Vancouver, British Columbia–(Newsfile Corp. – October 4, 2021) – Heliostar Metals Limited (TSXV: HSTR) (OTCQX: HSTXF) (FSE: RGG1) (“Heliostar” or the “Company”) is pleased to announce the commencement of a non-brokered private placement of up to 2,857,143 units (the “Units”) at a price of $0.70 per Unit for gross proceeds of up to $2,000,000 (the “Offering”).
Each Unit will consist of one common share in the Company (each a “Common Share”) and one half of one common share purchase warrant (each whole warrant a “Warrant”). Each Warrant shall be exercisable for one Common Share at an exercise price of $1.20 for a period of 24 months following the closing date.
Heliostar may pay finders’ fees in connection with the Offering, and all securities issued in the Offering will be subject to a statutory Canadian hold period expiring four months and one day after closing and, where applicable, additional resale restrictions imposed by other selling jurisdictions. Completion of the Offering is subject to a number of conditions, including receipt of regulatory approvals, if required, and the approval of the TSX Venture Exchange.
The company intends to use the net proceeds to advance exploration of its projects in Mexico and Alaska, as well as for working capital and general corporate purposes. The company intends to initially focus on undertaking a maiden drill program at its new Verde discovery at the Cumaro project in Mexico.
None of the securities to be issued in the Offering will be or have been registered under the United States Securities Act of 1933, as amended (the “1933 Act”), and none may be offered or sold in the United States absent registration or an applicable exemption from the registration requirements of the 1933 Act. This press release shall not constitute an offer to sell or a solicitation of an offer to buy, nor shall there be any sale of the Shares offered in the Offering in any state where such offer, solicitation or sale would be unlawful.
About Heliostar Metals Ltd.
Heliostar is a well-financed junior exploration and development company with a portfolio of high-grade gold projects in Alaska and Mexico.
The company’s flagship asset is the 100% controlled Unga Gold Project on Unga and Popof Islands in Alaska. The project hosts an intermediate sulfidation epithermal gold deposit, located within the district-scale property that encompasses 240 km2 across the two islands.
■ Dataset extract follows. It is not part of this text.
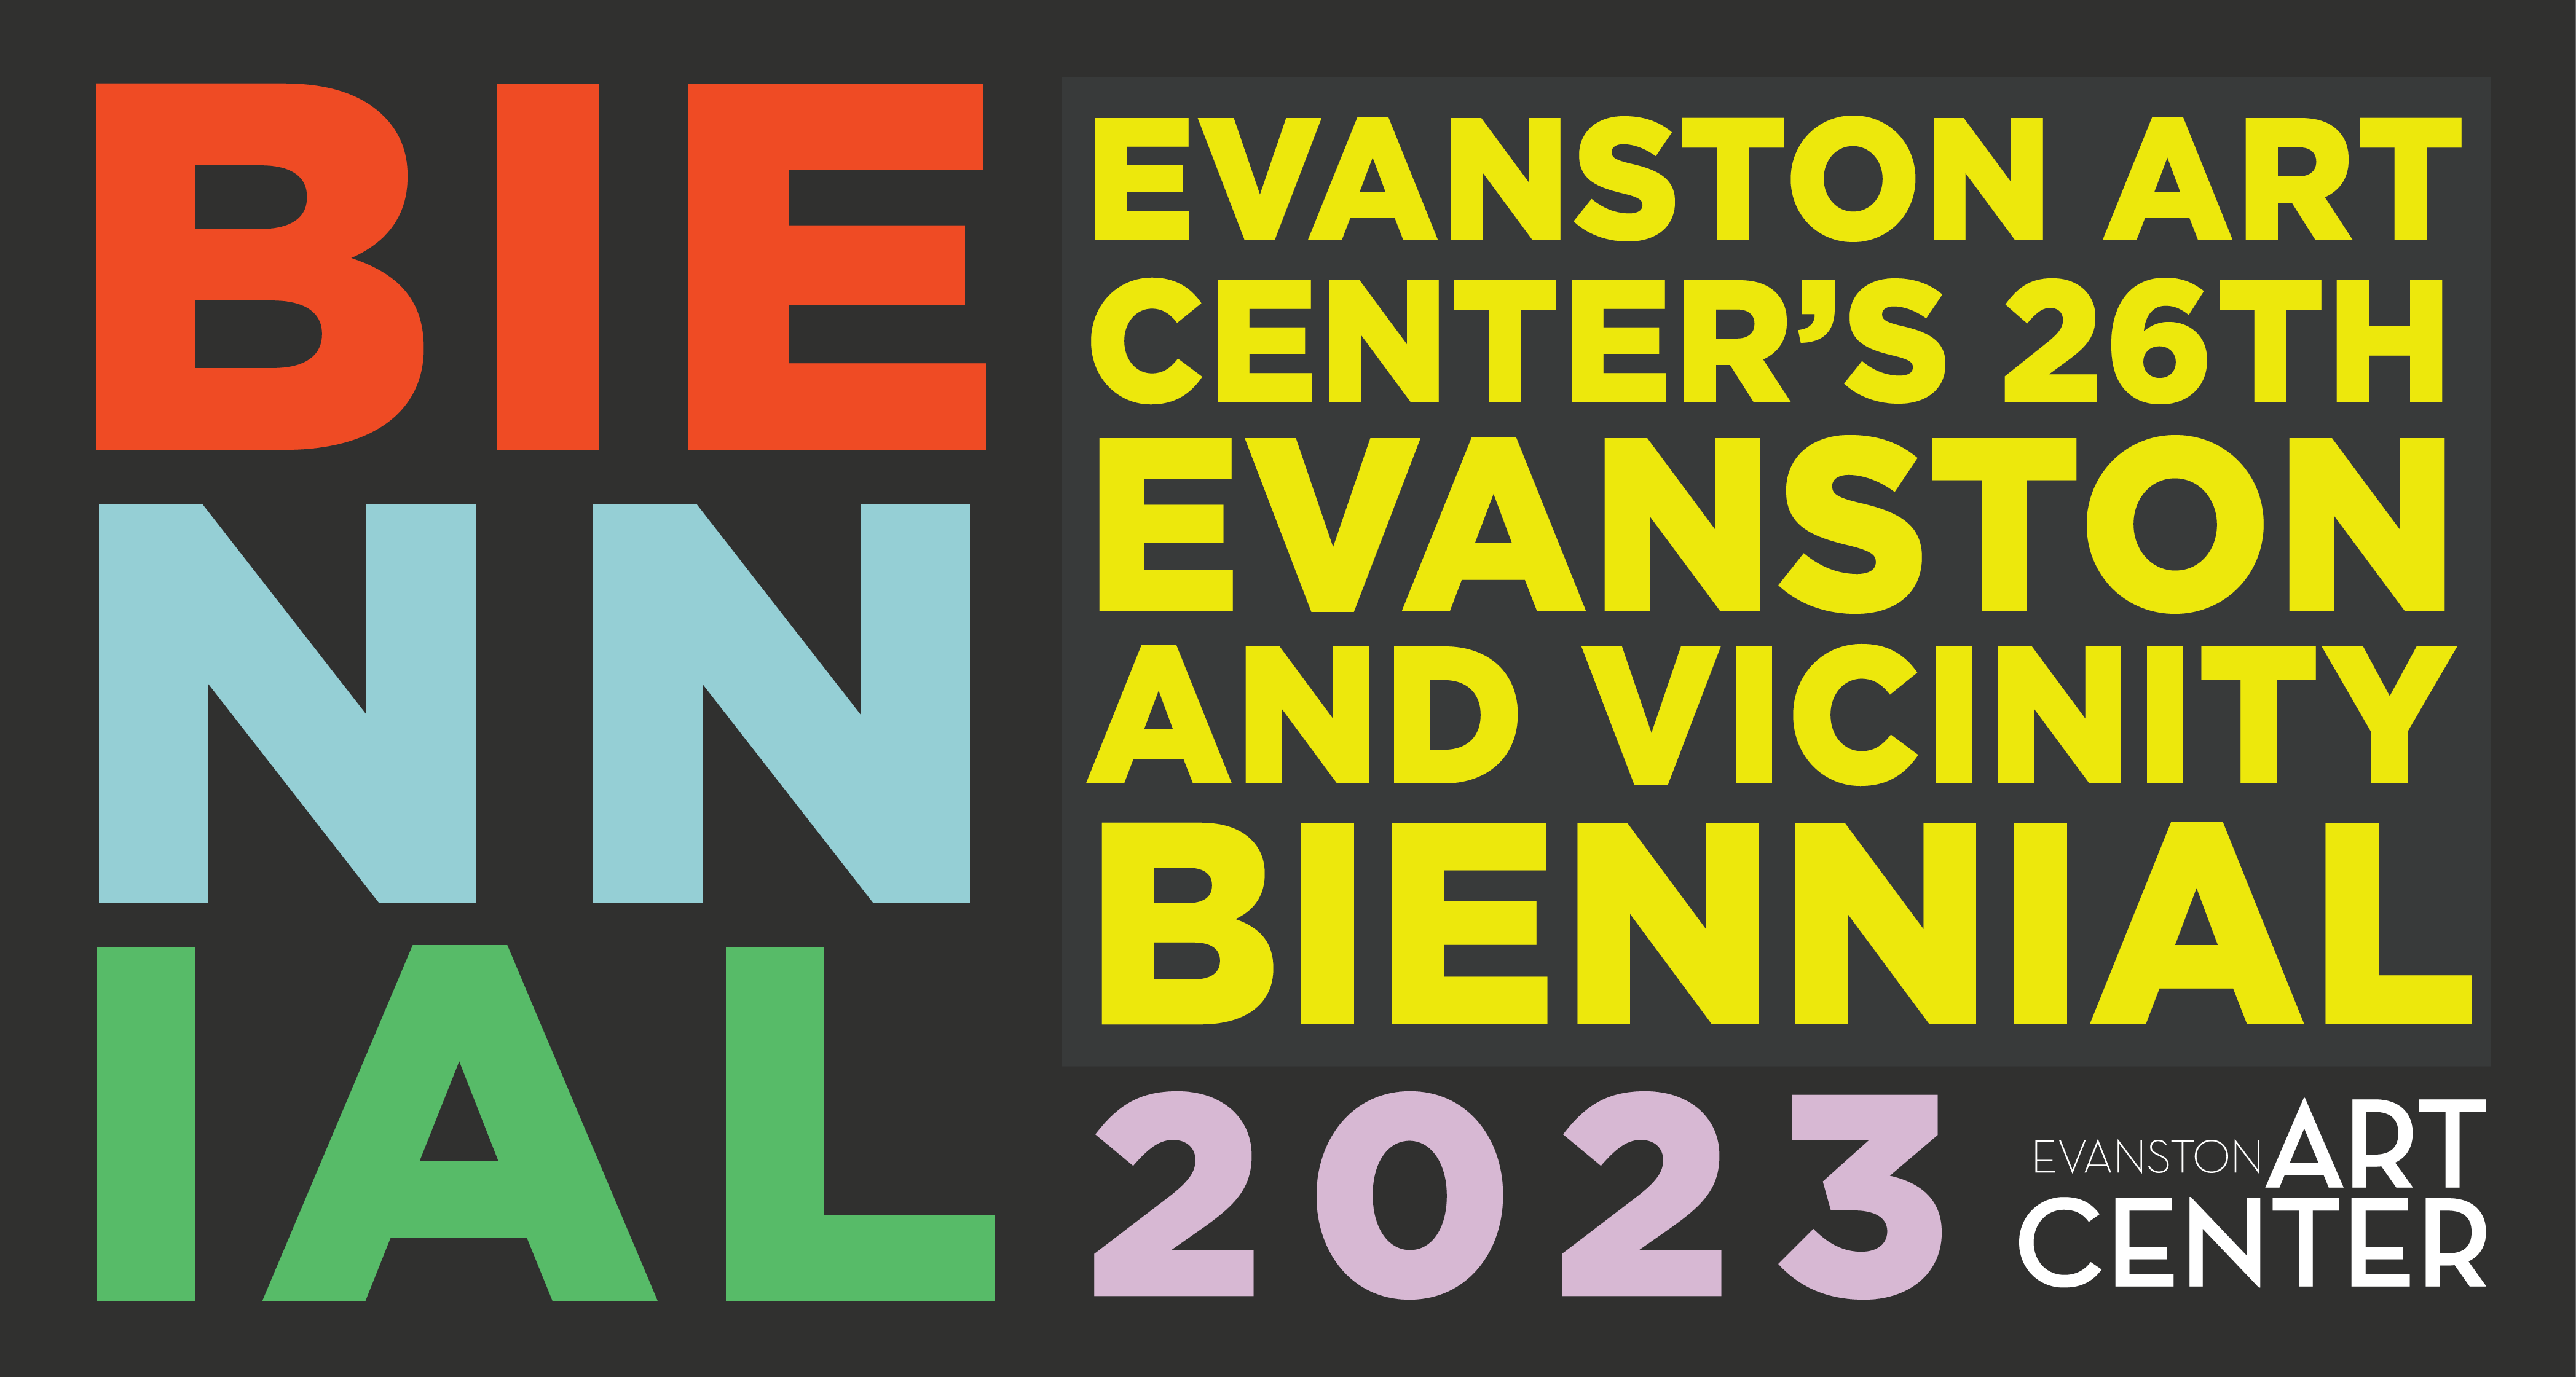 Evanston + Vicinity Biennial exhibition header graphic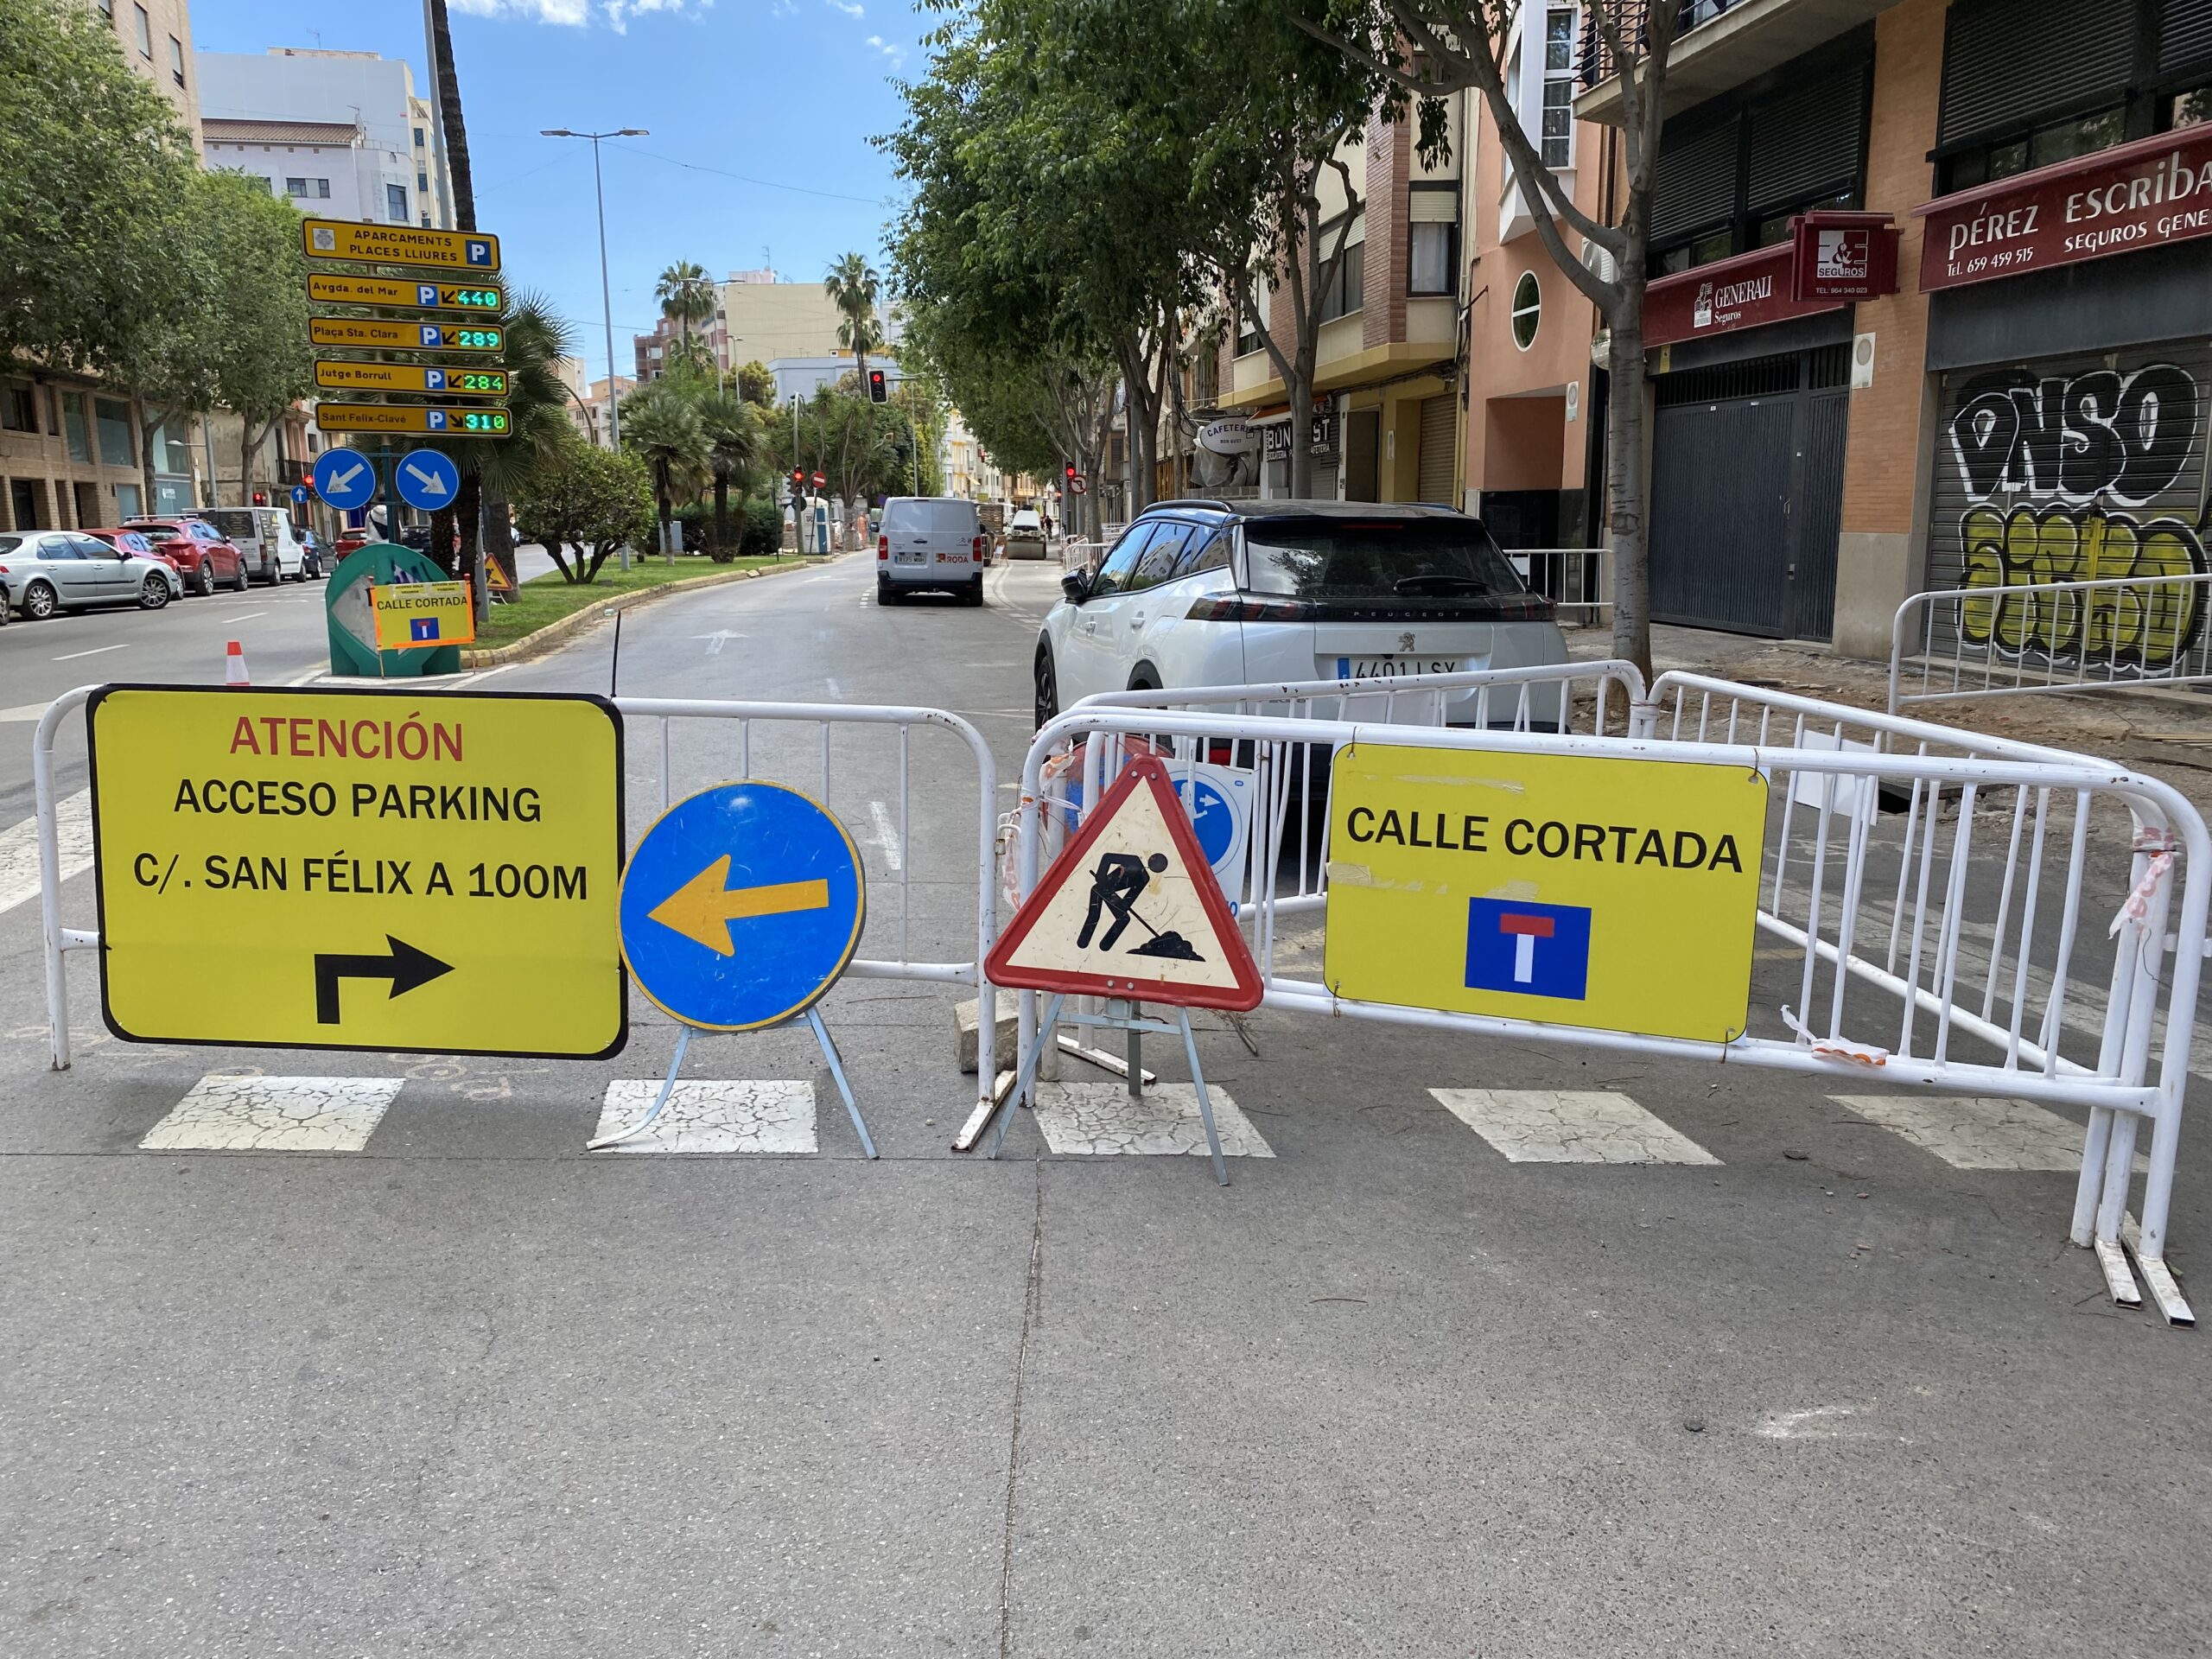 L’Ajuntament de Castelló enganya la ciutadania en incomplir els terminis promesos en les millores del Raval Sant Félix i sumir la ciutat en un caos d’obres

Additional targets on the property include porphyry copper-gold targets, high sulphidation targets and intermediate sulphidation epithermal veins.
On Unga Island, priority targets include: the SH-1 and Aquila, both on the Shumagin Trend, the former Apollo-Sitka mine, which was Alaska’s first underground gold mine, and the Zachary Bay porphyry gold-copper prospect.
Gold mineralization at the Centennial Zone is located on neighbouring Popof Island within four kilometres of infrastructure and services at Sand Point.
In Mexico, the company owns 100% of three early-stage epithermal projects in Sonora that are highly prospective for gold and silver. Cumaro forms part of the El Picacho district, while the Oso Negro and La Lola projects are early-stage projects considered prospective for epithermal gold-silver mineralization.
For additional information please contact:
Chief Executive Officer
Heliostar Metals Limited
Investor Relations Manager
Heliostar Metals Limited
Phone: +1 778 357 1313
Neither TSX Venture Exchange nor its Regulation Services Provider (as that term is defined in the policies of the TSX Venture Exchange) accepts responsibility for the adequacy or accuracy of this release.
This release includes certain statements that may be deemed “forward-looking statements”. Forward-looking statements are statements that are not historical facts and are generally, but not always, identified by the words “expects”, “plans”, “anticipates”, “believes”, “intends”, “estimates”, “projects”, “potential” and similar expressions, or that events or conditions “would”, “may”, “could” or “should” occur. Forward-looking statements in this press release include Heliostar’s plan to conduct and complete the Offering, including the amount and timing of the Offering and its ability to obtain TSX Venture Exchange approval as well as its intended use of the proceeds raised. Although Heliostar believes that the expectations expressed in such forward-looking statements are based on reasonable assumptions, such statements are not a guarantee of future performance and actual results may differ materially from those in the forward-looking statements. Factors that could cause the actual results to differ materially from those in forward-looking statements include market prices, exploitation and exploration successes, weather, continued availability of capital and financing, and general economic, market or business conditions. Investors are cautioned that any such statements are not guarantees of future performance and actual results or developments may differ materially from those projected in the forward-looking statements. Forward-looking statements are based on the beliefs, estimates and opinions of the Company’s management on the date the statements are made. Except as required by applicable securities laws, the Company undertakes no obligation to update these forward-looking statements in the event that management’s beliefs, estimates or opinions, or other factors, should change.